"""

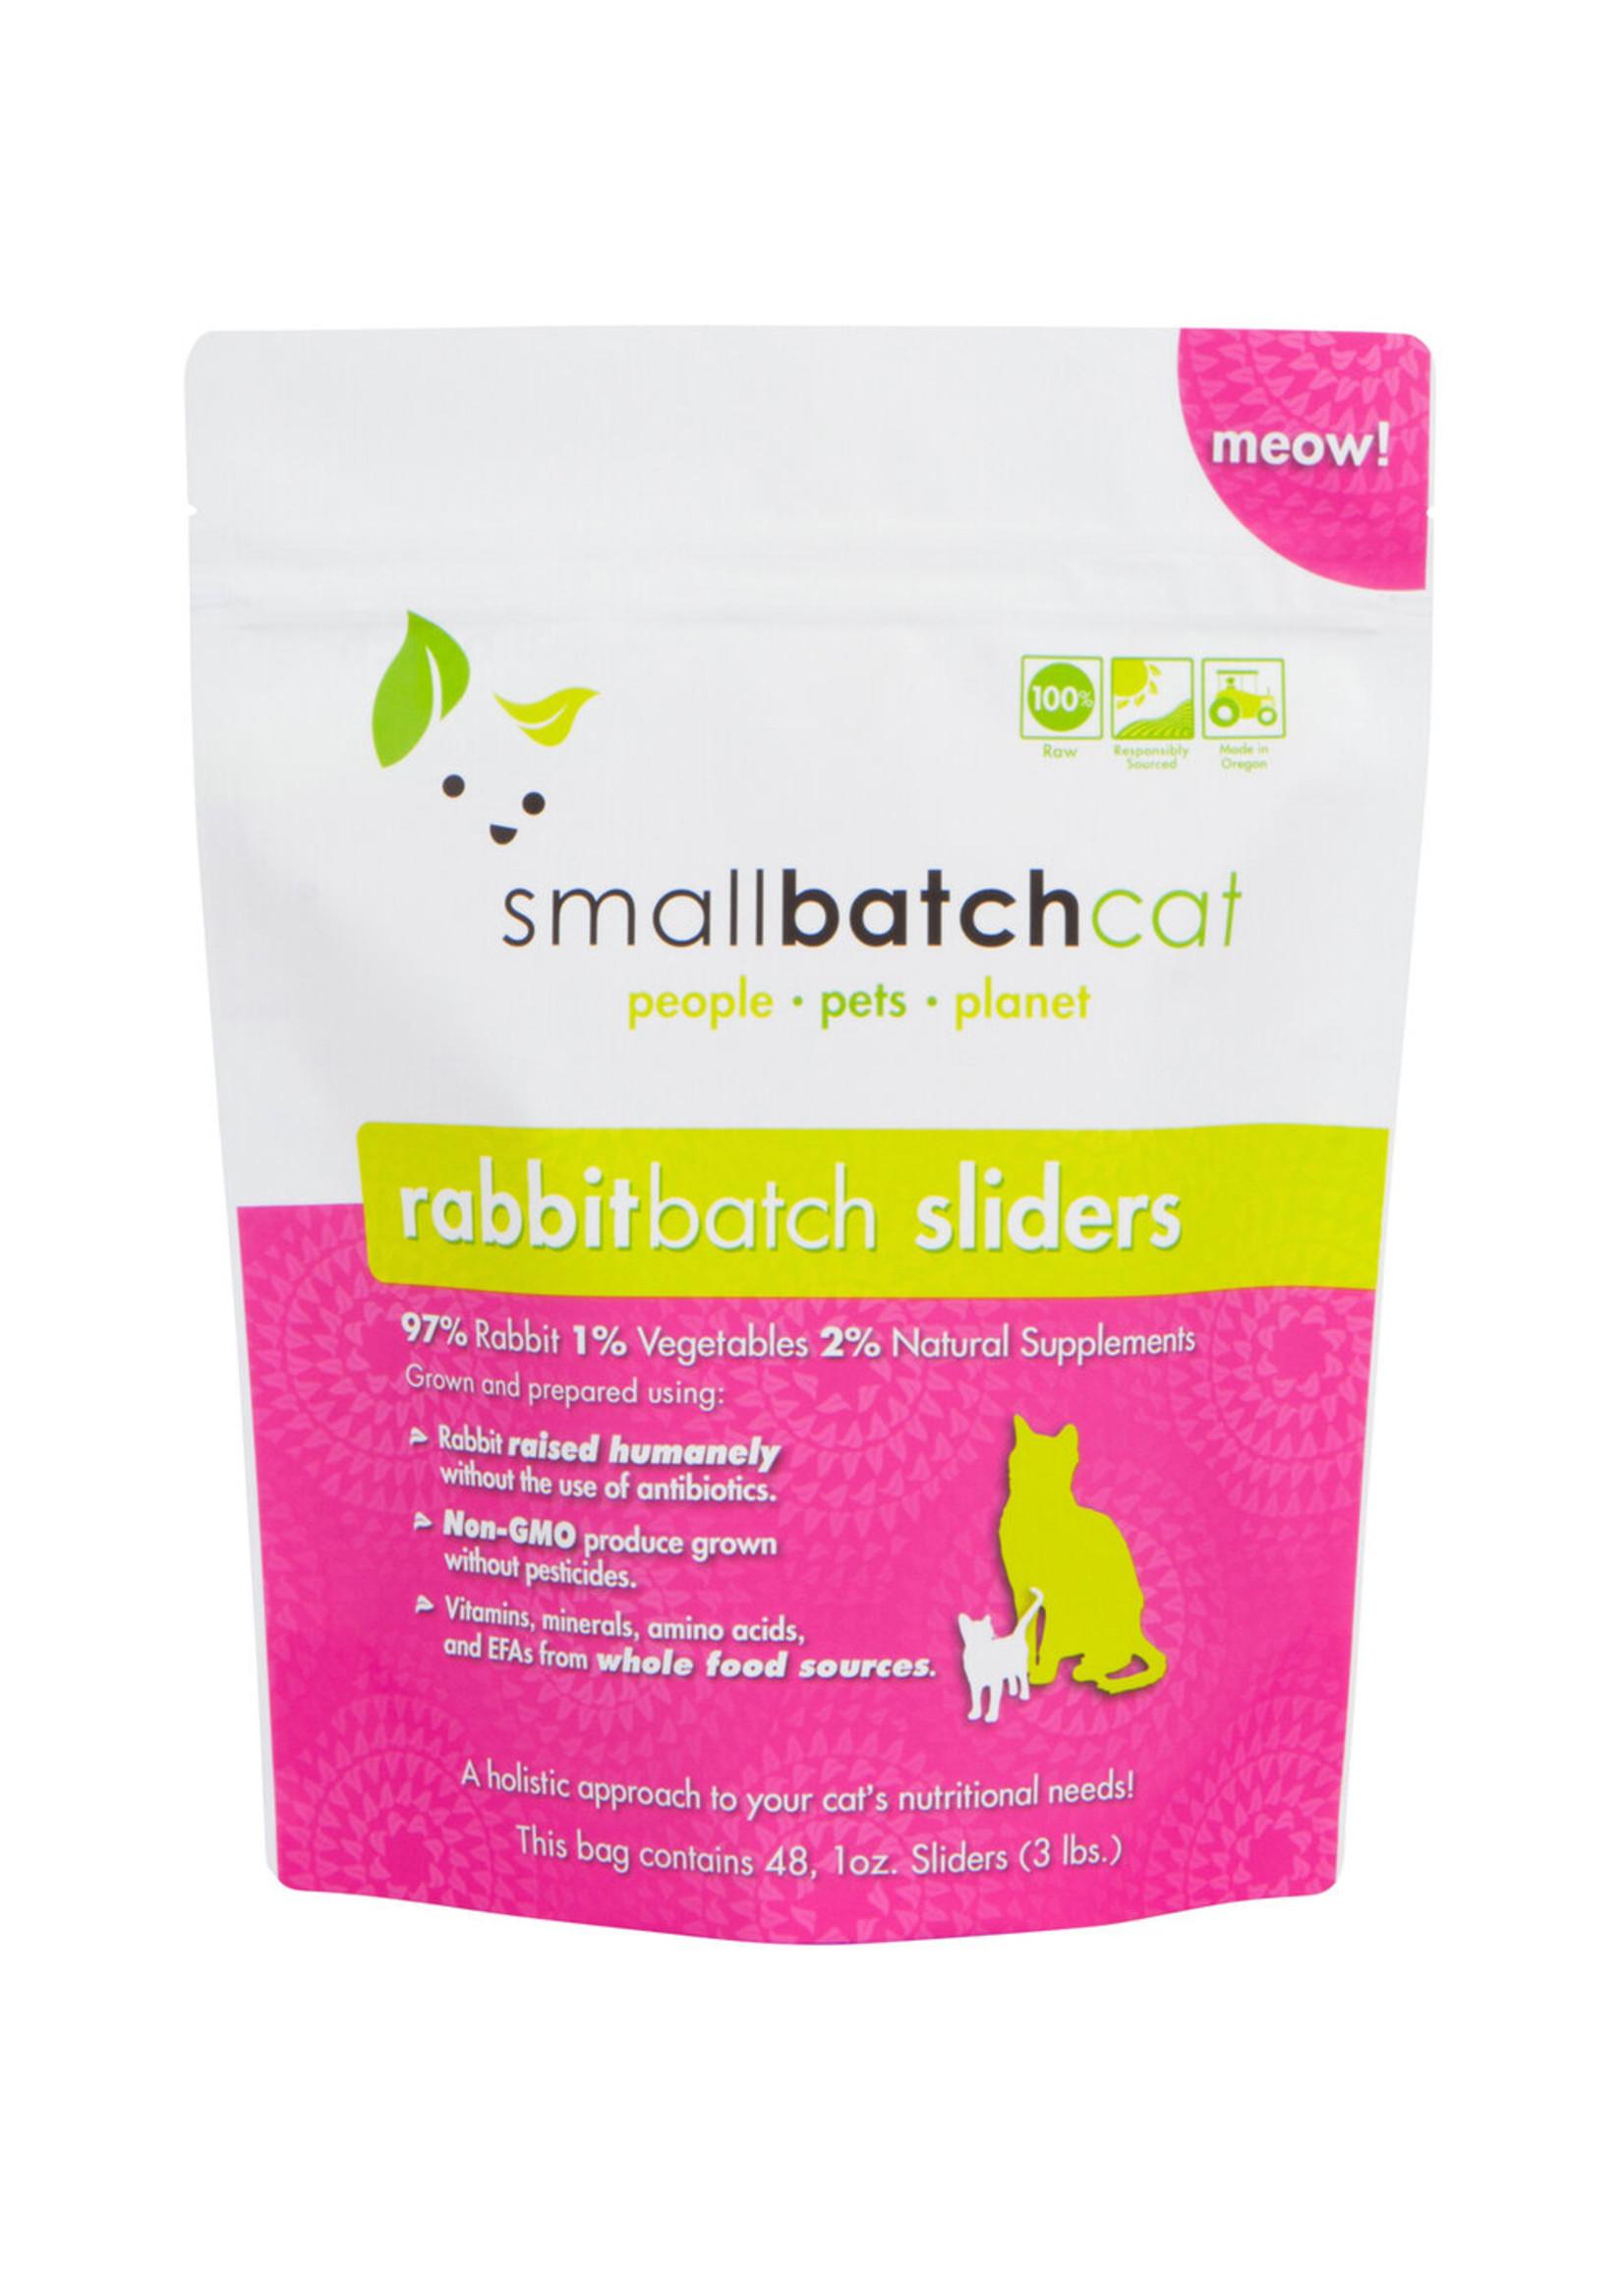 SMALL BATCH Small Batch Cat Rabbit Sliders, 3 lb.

"""
"""

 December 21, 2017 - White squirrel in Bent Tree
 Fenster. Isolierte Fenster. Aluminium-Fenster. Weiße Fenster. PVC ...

"""
"""

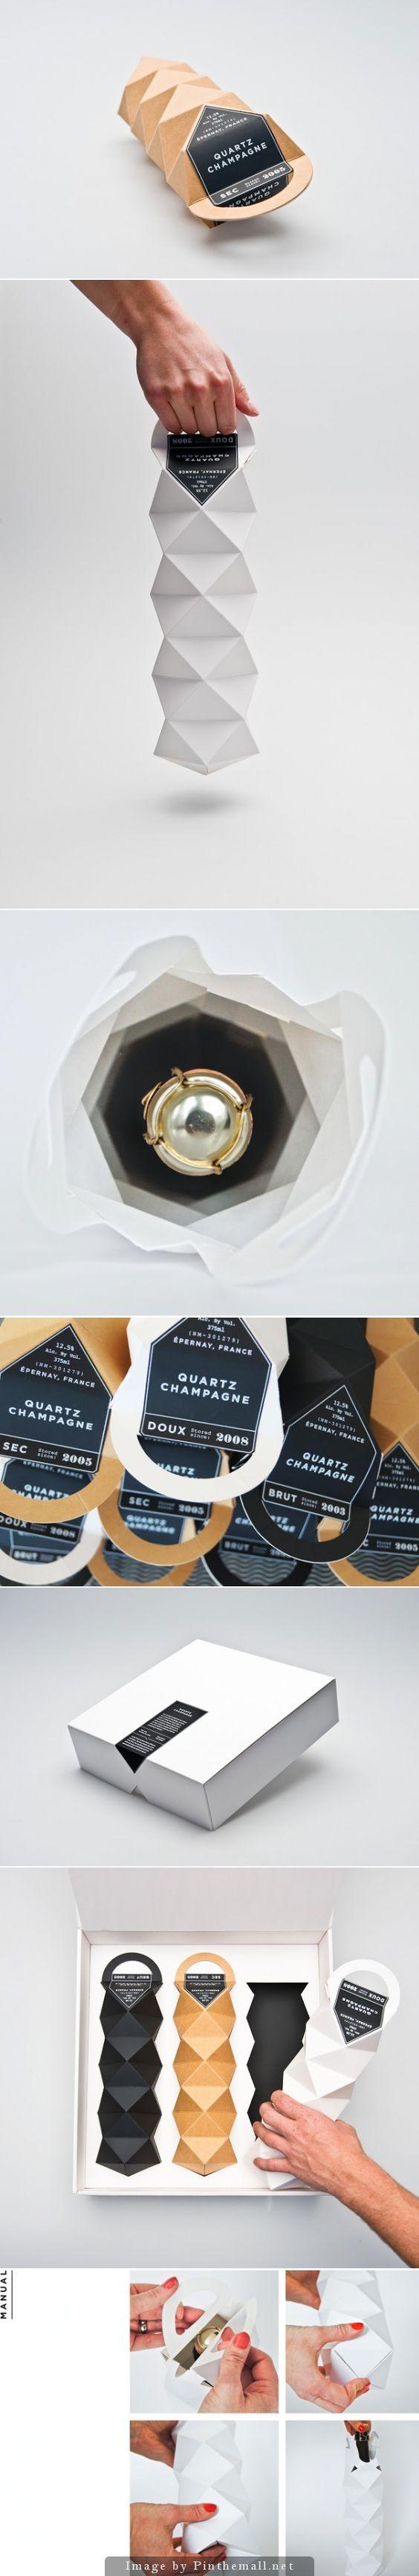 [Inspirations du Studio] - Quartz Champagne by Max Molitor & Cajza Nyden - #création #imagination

"""

* [TASK INSTRUCTIONS]:
From the material above, set down exactly the lines between the line holding "December 21, 2017" and the line holding "Fenster. Isolierte Fenster.", inclusive. Include nothing else.

* [RESULT]:
 December 21, 2017 - White squirrel in Bent Tree
 Fenster. Isolierte Fenster. Aluminium-Fenster. Weiße Fenster. PVC ...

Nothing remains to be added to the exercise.